Рождение и осуществление кузминского мифа позволяет сделать хронологический перелет и обратиться к представлению о творчестве Кузмина, которое создавалось в двадцатые годы самыми различными авторами, однако, как оказалось, приводили они к одному и тому же результату.
К тому времени Кузмин воспринимался читающей публикой как безусловный живой классик, долженствующий освящать своим присутствием всякое литературное предприятие в Петербурге. И у людей, заинтересованно к литературе относящихся, но стоящих вне того круга, который столь почитал Кузмина, начинается почти что неизбежная реакция отторжения.

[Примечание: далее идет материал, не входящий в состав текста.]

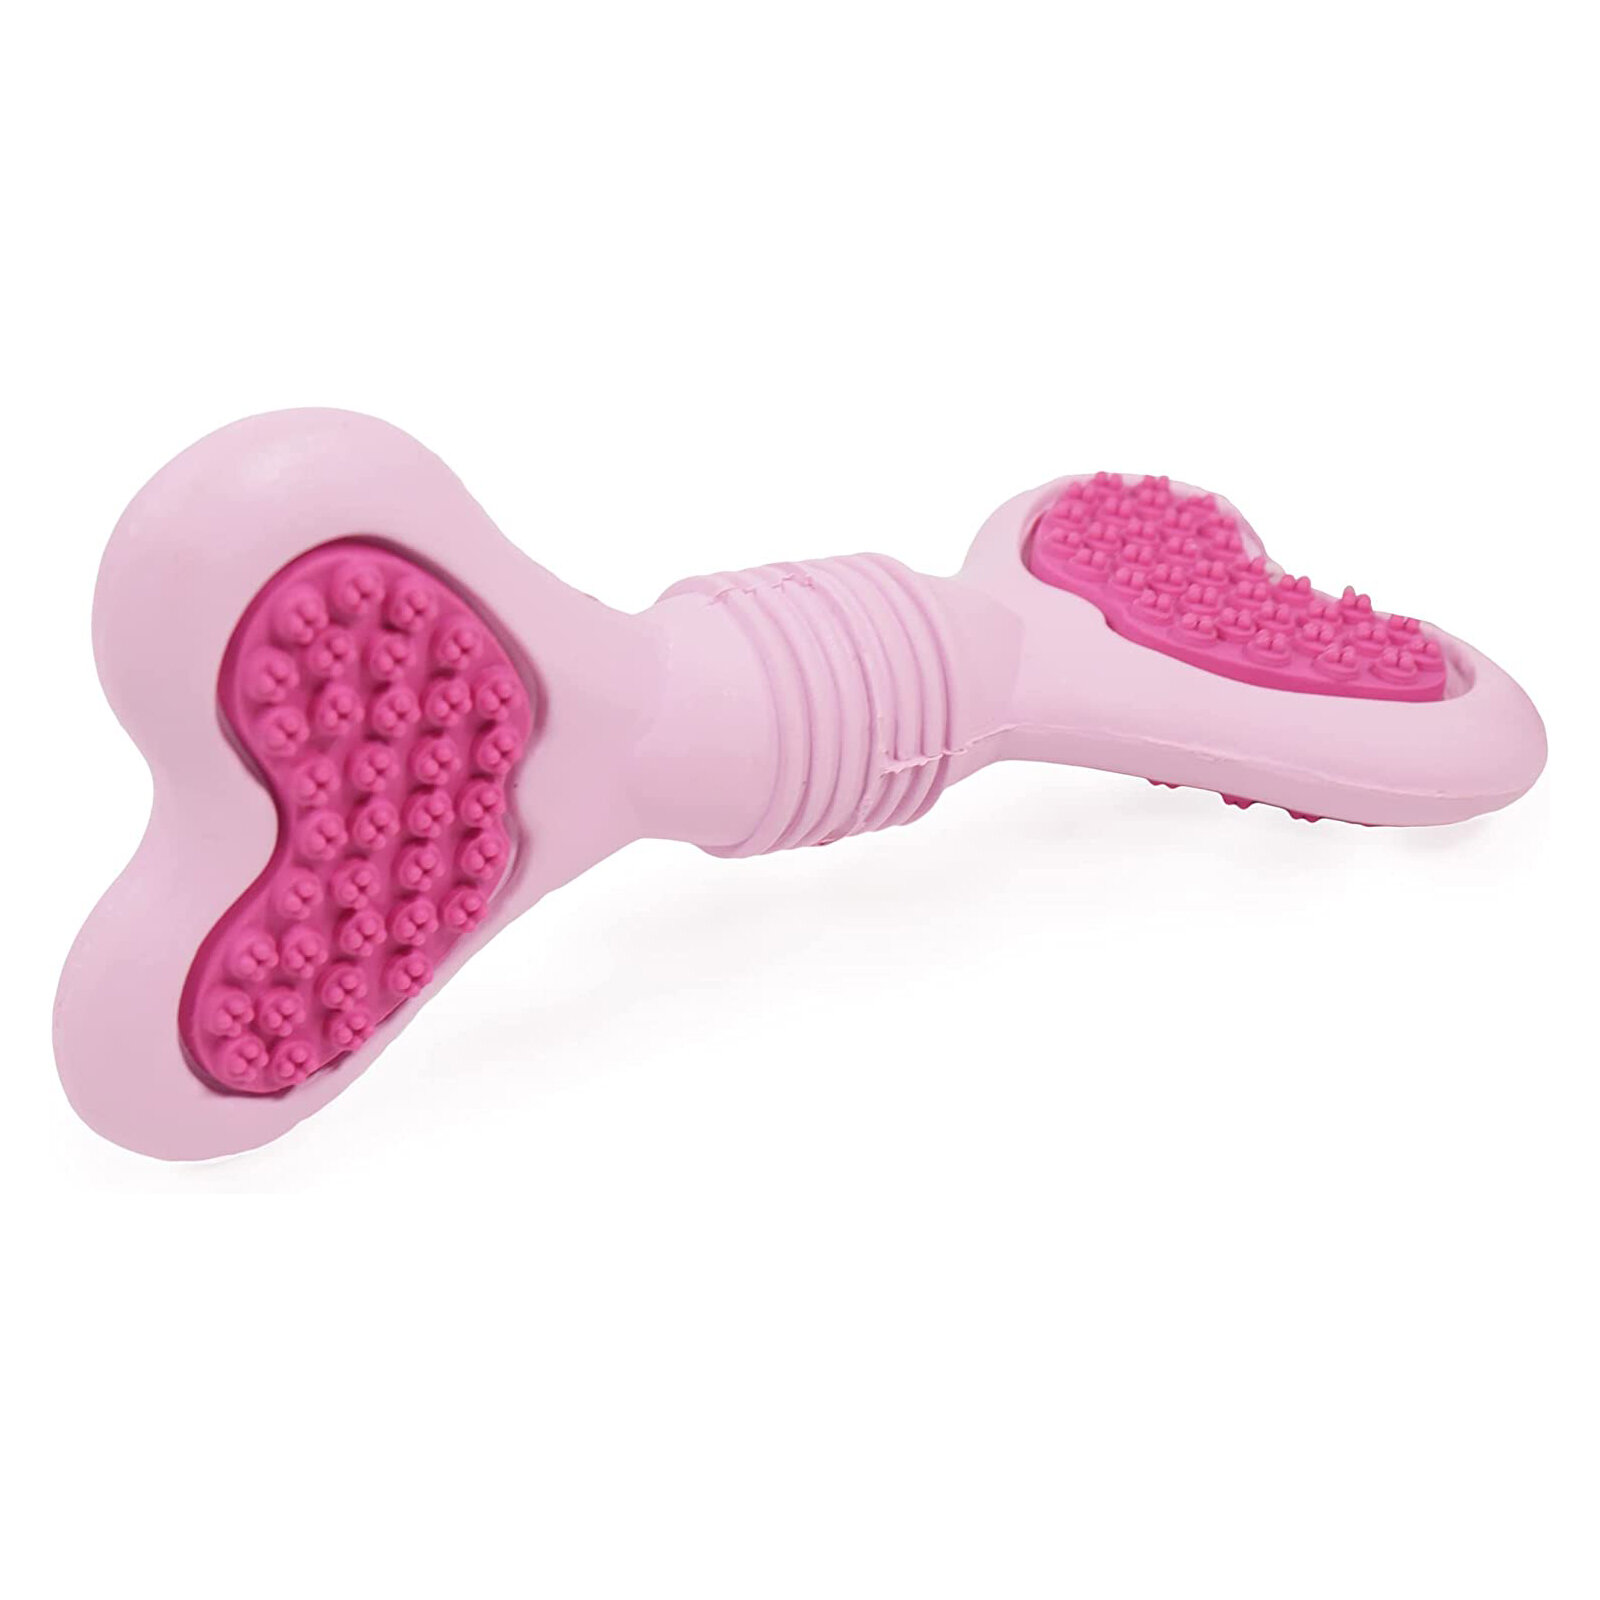 Игрушка для собак резиновая ROSEWOOD "Кость", розовая, 16cм (Великобритания)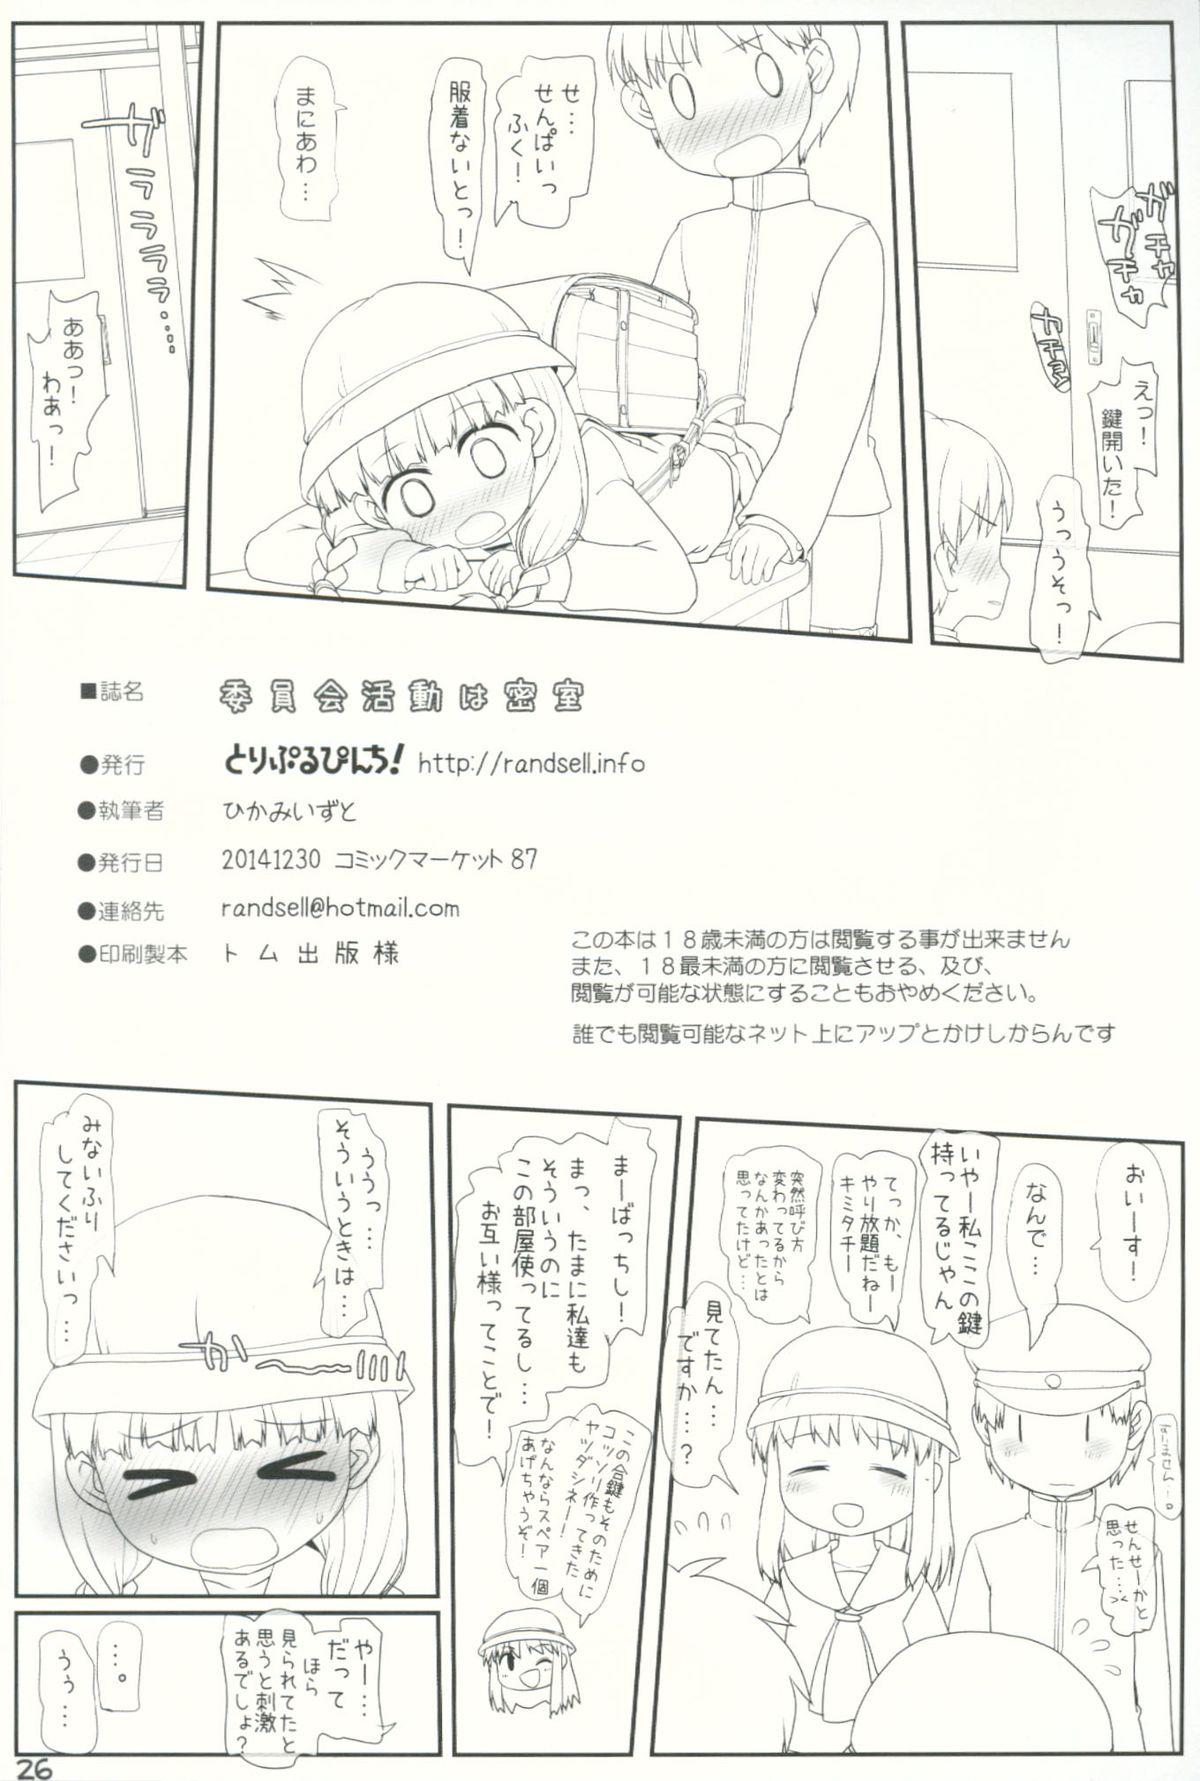 Mofos Iinkai Katsudou wa Misshitsu Pauzudo - Page 25

Приведу лишь несколько свидетельств такого рода. Вот — письмо В. Ф. Ходасевича к Г. И. Чулкову от 20 января 1921 года: «Вчера вечером меня подняли и повели вниз[85], читать стихи с Кузминым. Народу было не много. Кузмин почитает Лермонтова разочарованным телеграфистом. Здешние с ним солидарны. Я не бранюсь и веду себя скромно: пусть думают, что я тоже дурак, а то обидятся»[86]. Вот — отрывок из дневника К. И. Чуковского, где речь идет о стихотворении, так потрясшем в свое время Марину Цветаеву: «Стишки М. Кузмина, прошепелявленные не без ужимки, — стихи на случай — очень обыкновенные»[87]. Наконец, напомним самый явный пример — статью А. Волынского «Амстердамская порнография»[88], где сборник Кузмина «Занавешенные картинки» подвергался резчайшей критике. Характерно — и Кузмин не преминул это заметить, — что сборник вышел в свет в конце 1920 года, а статья появилась в начале 1924-го, причем появилась в издании, с которым Кузмин был долгое время связан отношениями длительного сотрудничества. Совершенно очевидно, что появление статьи Волынского было не индивидуальным критическим актом, а рассчитанной акцией тех людей, для которых Кузмин был не просто одним из осколков прошлого, но и символизировал целое направление в истории русской литературы начала XX века. Создалась ситуация, в известной мере напоминающая историю «дела Горнфельда», когда справедливые, но излишне резкие упреки переводчика «Легенды об Уленшпигеле» О. Мандельштаму, использовавшему фрагменты его перевода для нового издания и не указавшему этого на книге, были подхвачены той частью уже сложившегося советского литературного истеблишмента, которой Мандельштам уже давно стоял поперек горла. Публичная ссора двух вполне уважаемых людей вызвала целый поток оскорбительной брани и имела для Мандельштама в конечном итоге катастрофические последствия. Для Кузмина таких последствий не было — вероятно, прежде всего потому, что он не стал связываться с Волынским публично, ограничившись частным письмом, где отчетливо дал понять, что понимает эту новую сторону новой литературной политики:
«„Занавешенные картинки“, разумеется, предлог, и весьма неудачный. Книга, изданная 5 лет тому назад на правах рукописи, официально в продажу не поступавшая, ни юридически, ни этически не может быть объектом печатного обсуждения, как дневник, частные письма, случайно найденные у антиквара или собирателя автографов. Не в этом дело. Характеристика моей деятельности вообще может быть различна. Но я думаю, что мои писания лежат настолько вне плана Ваших интересов, что Вам просто-напросто не важно, какого Вы обо мне мнения. Боюсь, что Вы и не читали всего, о чем Вы пишете в данной заметке»[89].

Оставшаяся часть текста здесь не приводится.